**What is required:** Write the listing out again word for word, leaving each picture behind.

**The data:**
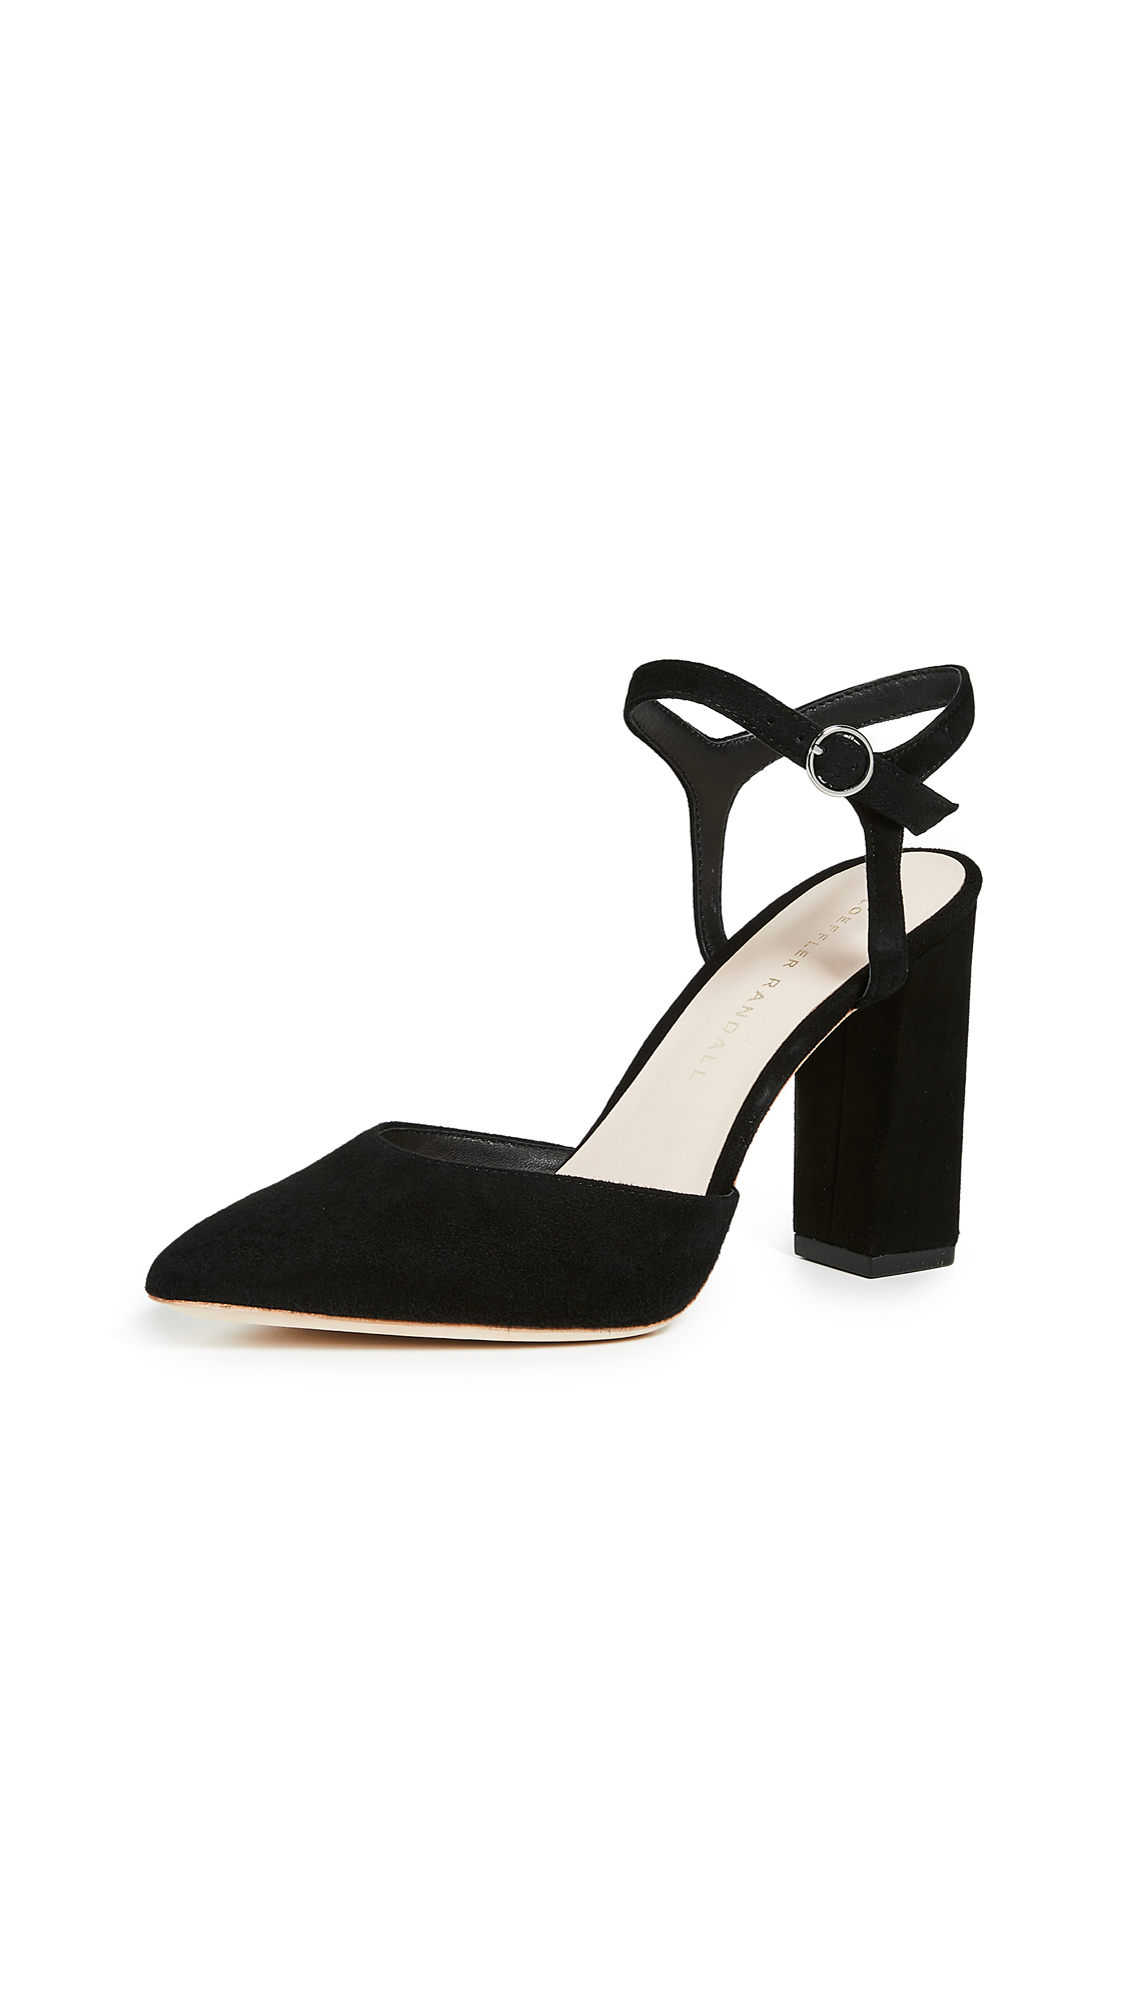 Loeffler Randall Leily Ankle Strap Pumps - Black
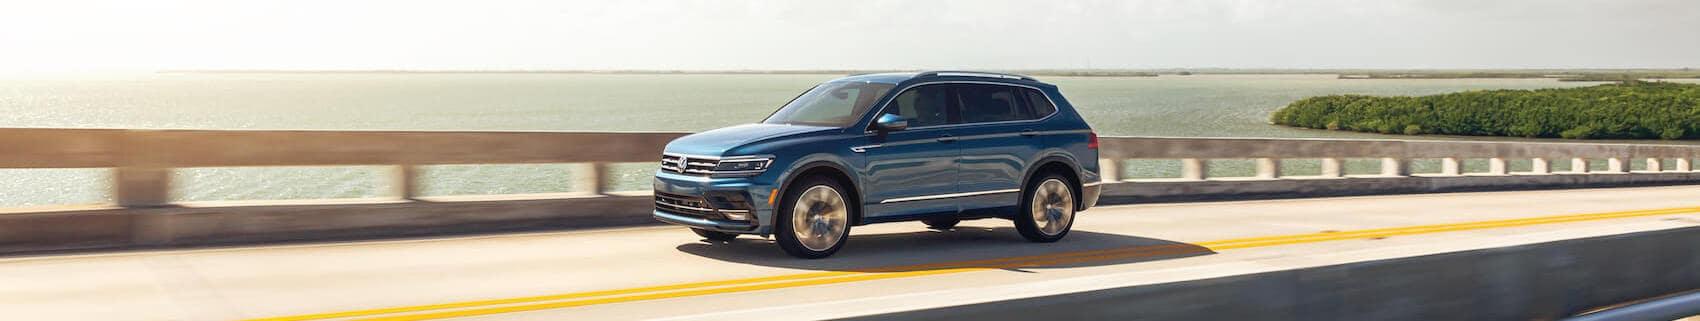 2020 Volkswagen Tiguan for sale Toms River, NJ
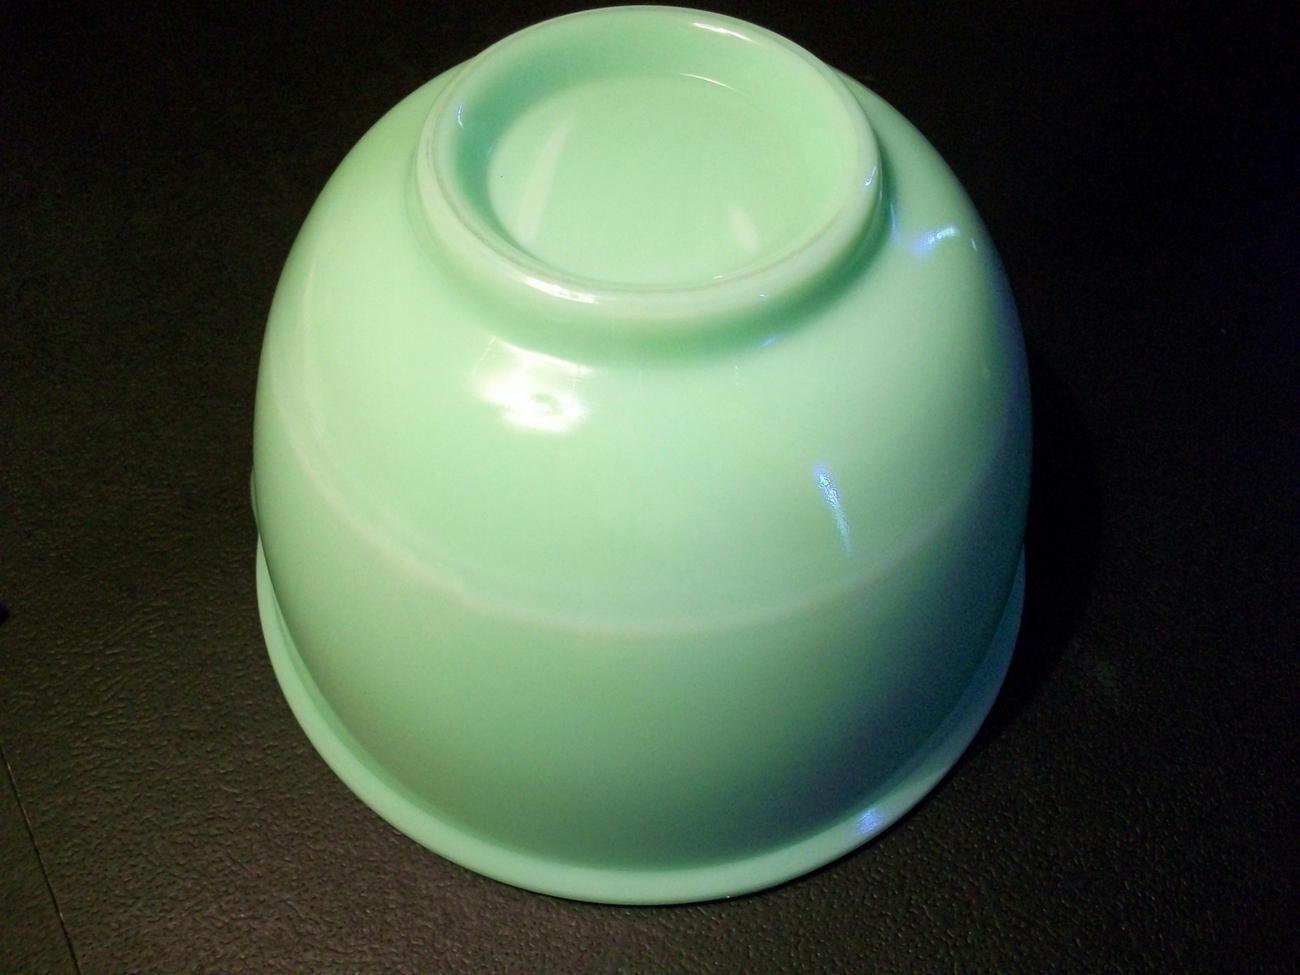 Vintage Jadite Batter Bowl with Spout
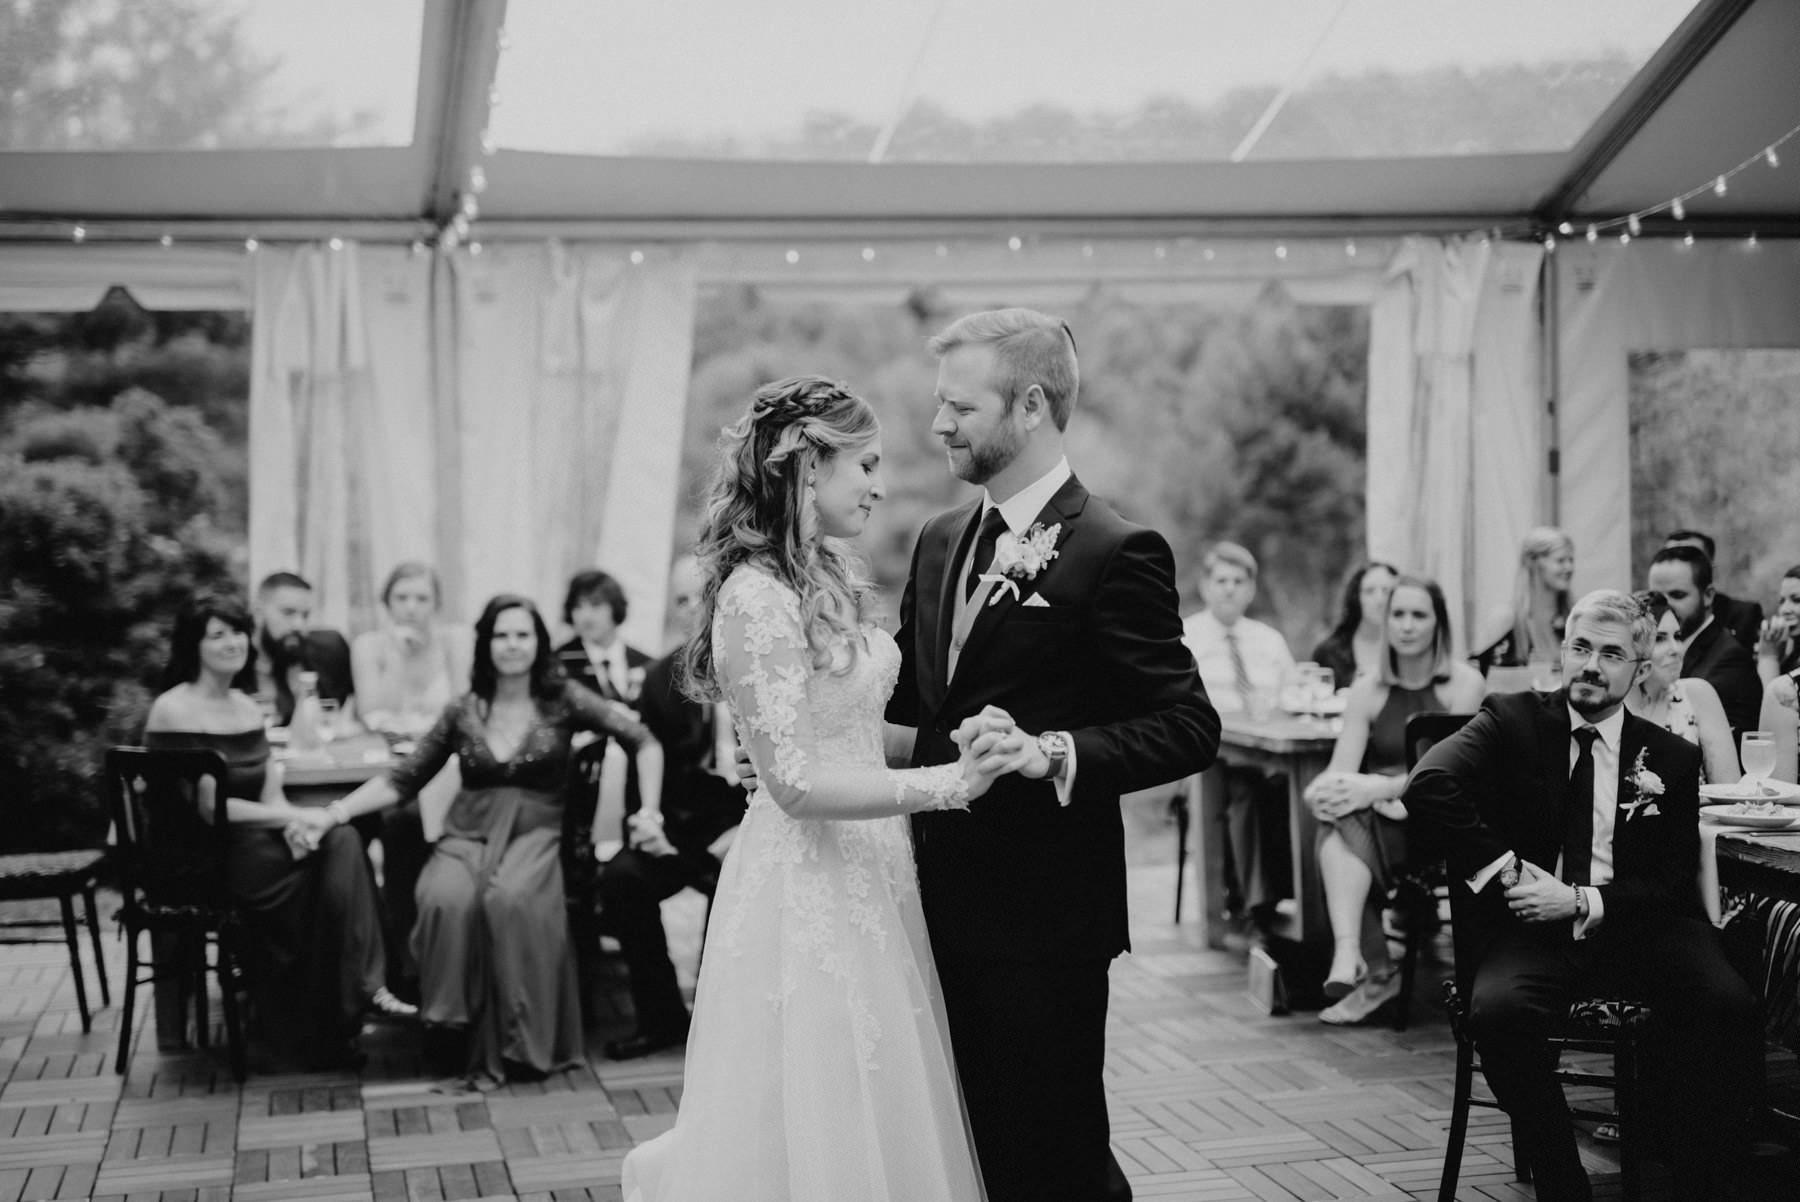 welkinweir-wedding-photography-52.jpg

**Output:**
 Loeffler Randall Leily Ankle Strap Pumps - Black
 2020 Volkswagen Tiguan for sale Toms River, NJ
 Vintage Jadite Batter Bowl with Spout
 welkinweir-wedding-photography-52.jpg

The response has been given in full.